Studying animal cognition in the wild

Sometimes recording what animals do not do or fail to find can lead to revealing insights into their expectations, and thus cognition

August 20, 2019

Studying cognition in the wild is a challenge. Field researchers and their study animals face many factors that can easily interfere with their variables of interest and that many say are “impossible” to control for. A novel observational approach for field research developed by Karline Janmaat at the Max Planck Institute for Evolutionary Anthropology can now guide young scholars, who want to study cognition in the field before this opportunity disappears.

Different types of cognitive abilities can lead to a variety of knowledge that can help an animal to find, access, and guard food and mates. One approach to gain insight into the evolution of such cognitive abilities is by inferring cognitive performances from observed behaviours across closely related species and to compare them. By linking differences in cognitive performances with differences in current socio-ecological circumstances, hypotheses about the evolutionary pressures that contributed to the selection of these abilities can be tested. This can then provide answers to the question why a trait, such as the ability to plan for the next day, evolved. Drawing inference about cognitive abilities from behaviour is, however, not straightforward. In her latest paper Janmaat describes a set of different approaches, addressing where and how one can make such inferences in a variety of species, with the focus on primates.

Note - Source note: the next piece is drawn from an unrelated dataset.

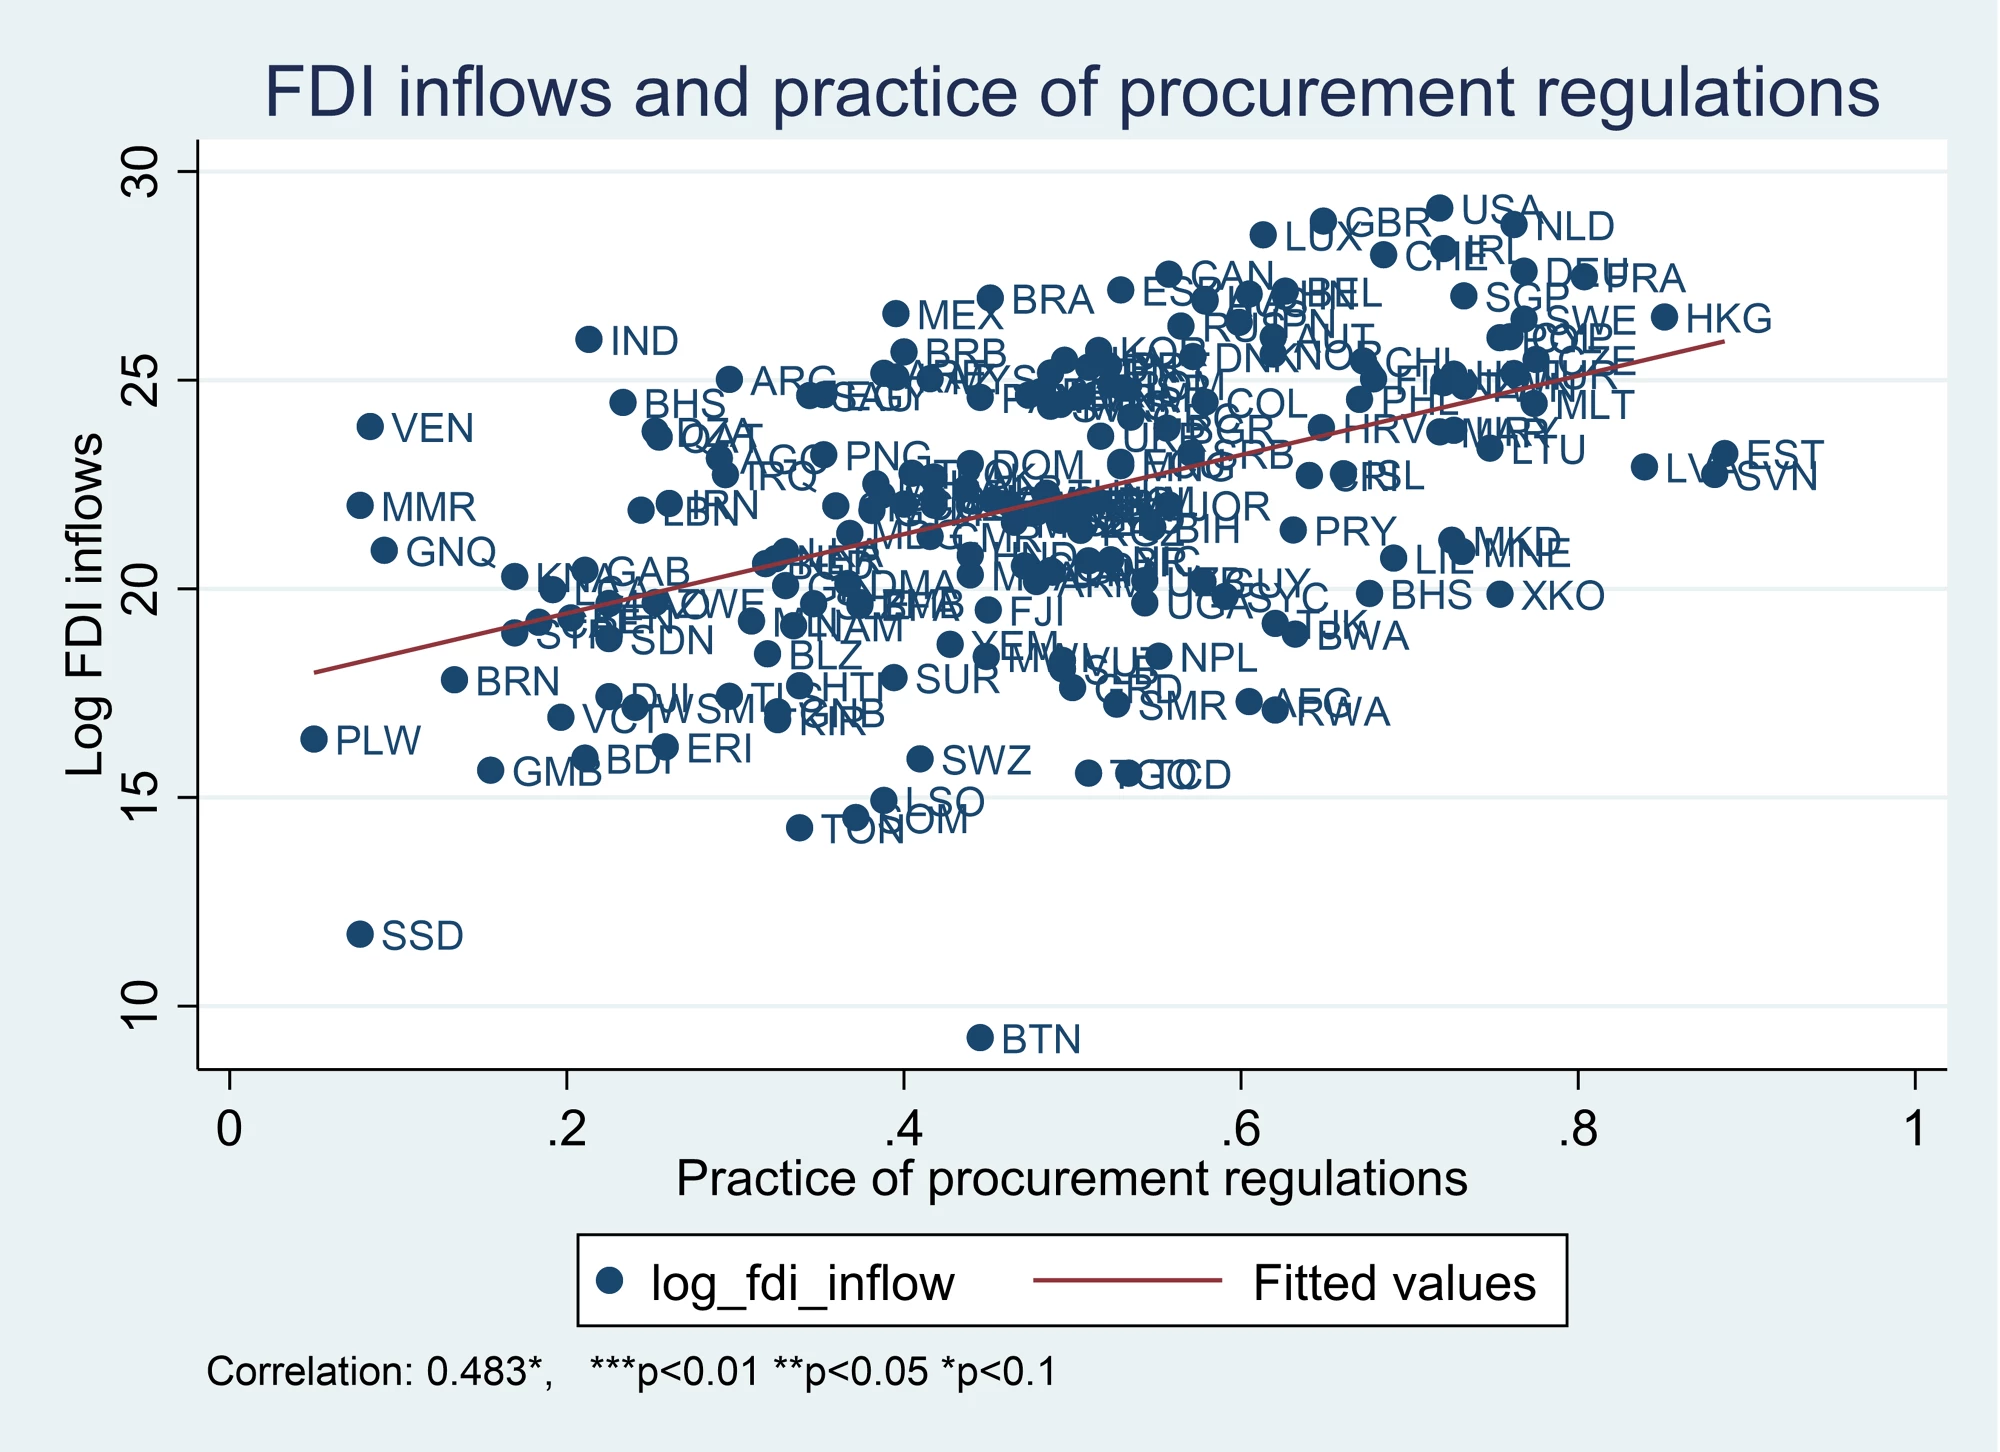 Figure 2: FDI flows Are Higher in Countries with Better Practice of Procurement

Advantages of fieldwork and challenges faced in captive-based research

While addressing the question of where and how cognition can be studied, the paper describes the advantages of field-based science as well as the challenges faced in captive-based experimental science. “My aim is not to devalue captive-based or experimental research. My aim is to make captive-based and experimental scientists think critically about the challenges of their approach and hopefully become more open to, or familiar with, the potential and advantages of observational fieldwork”. Janmaat was motivated to write the paper by a finding which suggested that the majority of primate cognition work is conducted with captive primates and that field work studies are rarely cited in reviews about primate cognition, suggesting an imbalanced distribution and diffusion of knowledge between the two fields. Janmaat especially stresses the value of field work for obtaining insight into evolutionary function, to obtain knowledge on the conditions in which animals employ their cognitive skills and thus their potential benefits. “If we really want to understand the evolution of cognition and human intelligence, we need to study not only whether our closest relatives do or do not use certain cognitive skills, but also the conditions in which animals employ these skills in daily survival in their habitat”, says Janmaat.

In addition, she addresses the issue of plasticity of the brain and stresses the need to study the variation in cognition by conducting comparable studies in both captive and wild settings. This is because in the wild certain cognitive abilities, such as spatial mapping, are more likely developed to their full extent, due to a particularly high variety of social and sensory input and large-scale movement abilities, while other abilities, such as causal understanding, may be more developed in captive animals that have more “free time” on their hands. Lastly, Janmaat stresses the urgency of field studies as natural habitats, especially the ones of tropical forest primates, are rapidly disappearing. “This rapid decline of rainforest environments and primate populations that depend on them creates a high level of urgency to study primates in their natural habitats”, Janmaat says.

A five-step guideline

After summarizing the advantages of observational field-based studies, Janmaat addresses the question how we can study cognition in the wild, especially when working with highly endangered animals. She provides a five-step guideline for future data collection designs for scholars who want to investigate cognitive abilities in wild animals by observation and a synthesis of traditional and novel methods. She guides the reader through these steps by providing concrete examples from her own work on foraging cognition, such as future planning or intuitive statistics, in chimpanzee females in the Taï National Park, in Côte d’Ivoire, who she has been studying for the past 10 years. In animal behaviour studies priority is often given to the recording of behaviours that the target animal performs, such as its visit to a food source, how long it eats, how many other animals are present, or whom it grooms. Recording when it does not perform certain behaviours (for example, when it does not approach or inspect a tree, pick up a tool or groom an individual, or when it fails to find food or mates) can provide as valuable information about an animal’s expectations, and thus cognition, as recording when it does perform the behaviour. For example, recording when a chimpanzee decides not to approach or inspect a food tree in which she has fed the year before, can provide insight into her expectations of what she will find at that tree, as much as recording when she does approach.

By identifying crucial contexts, collecting data on a suite of behaviours (what animals do not do, or only do when certain conditions are met), controlling interfering variables by conducting observational control (recording what animals fail to find [when there is no fruit]), and by combining this technique with well thought-out statistical models, based on decades of biological knowledge, Janmaat describes how we can infer conclusions about the cognitive abilities of wild animals. “What is important to always remember is that every approach has benefits and challenges. Consequently, using complementary approaches is more likely to yield novel insights in primate cognition and move the field in exciting new directions. Perhaps then, we can even make the ‘impossible’ possible”, Janmaat says.